At the time of validation in 2007, there was no requirement for the university to work only with accredited institutions. However, in July 2008 the QAA advised U.K. institutions they should not form collaborative relationships with institutions not accredited in their home country. This prompted the university to begin to question their collaborative relationship with Trinity. Although Trinity successfully completed the validation process in order to achieve validation, in November 2008 the university cut ties with Trinity.

=== Higher Learning Commission candidacy ===
In 2004, Trinity was granted candidacy status with the Higher Learning Commission of the North Central Association of Colleges and Schools. The institution provided a self-study report, hosted a team of North Central Association evaluators for a site visit, and expected a second campus visit in autumn 2006. However, Trinity resigned from candidacy status effective October 20, 2006. This choice was made after the HLC continually went back and forth on Trinity, costing multiple thousands of dollars each year.

=== Distance Education Accrediting Commission candidacy ===
In 2008, Trinity applied for accreditation with the Distance Education Training Council (DETC), which is recognized by the CHEA and the United States Department of Education (USDE). On October 7, 2011, DETC denied initial accreditation to Trinity citing Trinity's "failure to demonstrate compliance with Standard IX (Financial Responsibility)" as the reason for DETC's denial. Trinity did not appeal DETC's decision, but disagreed with the DETC commissioners' decision, noting the demonstrated confidence of Trinity's banking institution. Trinity's comments also noted that it had complied with all other requirements, including all academic standards, for DETC accreditation and that Trinity would continue seeking accreditation.
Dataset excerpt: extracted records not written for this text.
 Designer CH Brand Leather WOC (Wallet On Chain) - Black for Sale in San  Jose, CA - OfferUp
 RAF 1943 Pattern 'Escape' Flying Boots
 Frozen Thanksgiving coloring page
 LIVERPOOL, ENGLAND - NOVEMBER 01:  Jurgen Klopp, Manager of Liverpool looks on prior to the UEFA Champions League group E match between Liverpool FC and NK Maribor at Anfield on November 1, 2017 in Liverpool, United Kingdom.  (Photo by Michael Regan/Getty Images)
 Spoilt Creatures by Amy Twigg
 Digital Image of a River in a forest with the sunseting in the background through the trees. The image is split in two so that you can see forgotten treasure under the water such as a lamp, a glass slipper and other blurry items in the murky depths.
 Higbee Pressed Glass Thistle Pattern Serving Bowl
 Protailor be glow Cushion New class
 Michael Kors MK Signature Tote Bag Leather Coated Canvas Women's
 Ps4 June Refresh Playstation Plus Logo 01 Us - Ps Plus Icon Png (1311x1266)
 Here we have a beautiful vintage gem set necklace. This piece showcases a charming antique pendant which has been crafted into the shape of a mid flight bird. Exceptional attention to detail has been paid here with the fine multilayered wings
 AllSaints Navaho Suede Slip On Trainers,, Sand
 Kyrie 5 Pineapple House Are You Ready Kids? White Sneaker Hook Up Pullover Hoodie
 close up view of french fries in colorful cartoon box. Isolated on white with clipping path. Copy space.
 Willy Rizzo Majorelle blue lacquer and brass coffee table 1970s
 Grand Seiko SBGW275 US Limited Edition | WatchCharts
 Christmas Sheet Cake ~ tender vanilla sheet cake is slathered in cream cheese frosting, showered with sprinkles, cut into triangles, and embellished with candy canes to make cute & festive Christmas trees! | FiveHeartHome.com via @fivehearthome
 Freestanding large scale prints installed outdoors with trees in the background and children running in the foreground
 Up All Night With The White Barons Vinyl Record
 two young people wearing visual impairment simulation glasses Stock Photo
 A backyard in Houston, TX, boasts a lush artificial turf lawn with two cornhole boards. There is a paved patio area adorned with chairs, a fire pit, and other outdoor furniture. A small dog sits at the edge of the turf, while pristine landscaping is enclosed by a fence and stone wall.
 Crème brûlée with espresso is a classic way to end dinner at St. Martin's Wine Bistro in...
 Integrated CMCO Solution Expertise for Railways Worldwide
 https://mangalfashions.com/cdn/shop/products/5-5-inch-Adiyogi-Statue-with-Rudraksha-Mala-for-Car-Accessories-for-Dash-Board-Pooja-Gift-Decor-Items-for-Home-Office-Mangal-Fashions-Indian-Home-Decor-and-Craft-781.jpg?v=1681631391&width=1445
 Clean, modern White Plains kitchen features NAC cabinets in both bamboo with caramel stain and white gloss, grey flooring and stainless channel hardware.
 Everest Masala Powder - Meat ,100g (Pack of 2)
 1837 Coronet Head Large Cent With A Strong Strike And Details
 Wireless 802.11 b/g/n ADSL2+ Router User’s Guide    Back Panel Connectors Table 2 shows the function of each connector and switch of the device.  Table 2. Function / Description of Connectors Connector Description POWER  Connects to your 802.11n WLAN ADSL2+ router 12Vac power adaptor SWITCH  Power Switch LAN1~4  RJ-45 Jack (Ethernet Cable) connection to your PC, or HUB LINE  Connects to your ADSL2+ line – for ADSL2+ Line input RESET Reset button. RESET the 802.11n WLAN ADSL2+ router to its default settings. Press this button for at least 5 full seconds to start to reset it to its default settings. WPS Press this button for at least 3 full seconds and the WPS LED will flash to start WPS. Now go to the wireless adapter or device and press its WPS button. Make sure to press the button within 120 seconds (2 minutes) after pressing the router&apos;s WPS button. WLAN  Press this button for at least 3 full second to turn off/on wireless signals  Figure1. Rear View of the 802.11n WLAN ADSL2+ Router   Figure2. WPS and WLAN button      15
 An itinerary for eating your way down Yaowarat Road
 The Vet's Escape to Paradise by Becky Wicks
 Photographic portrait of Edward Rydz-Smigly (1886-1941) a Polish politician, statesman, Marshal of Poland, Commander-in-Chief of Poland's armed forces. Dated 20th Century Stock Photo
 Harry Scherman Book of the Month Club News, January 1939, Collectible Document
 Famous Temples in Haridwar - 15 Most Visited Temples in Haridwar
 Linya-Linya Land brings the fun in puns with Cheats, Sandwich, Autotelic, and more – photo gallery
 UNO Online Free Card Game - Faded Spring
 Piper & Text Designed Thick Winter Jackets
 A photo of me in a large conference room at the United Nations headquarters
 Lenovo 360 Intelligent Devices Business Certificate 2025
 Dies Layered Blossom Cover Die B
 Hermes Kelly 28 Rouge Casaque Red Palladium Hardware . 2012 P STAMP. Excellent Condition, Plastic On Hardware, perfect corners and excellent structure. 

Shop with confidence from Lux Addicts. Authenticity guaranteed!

Trinity is not accredited by any regional or national accrediting agency.

Trinity has articulation agreements with Calvary University in Missouri and the B.H. Carroll Theological Institute of Texas.

==Notable faculty==

- John Warwick Montgomery was Professor of Apologetics and vice-president for Academic Affairs, UK and Europe.
- Stephen Olford was Professor of Expository Preaching and Sermon Development until his death in 2004.

==Notable alumni==

- Kim Hammer - Republican member of the Arkansas House of Representatives; hospice chaplain in Benton, Arkansas
- Sam Seamans - Bishop, Reformed Episcopal Church.
- Larry D. Soderquist - author and law professor at Vanderbilt University Law School, director at Corporate and Securities Law Institute from 1993 to 2005.
- Skip Heitzig - founder and senior pastor of Calvary of Albuquerque, a Calvary Chapel fellowship located in Albuquerque, New Mexico.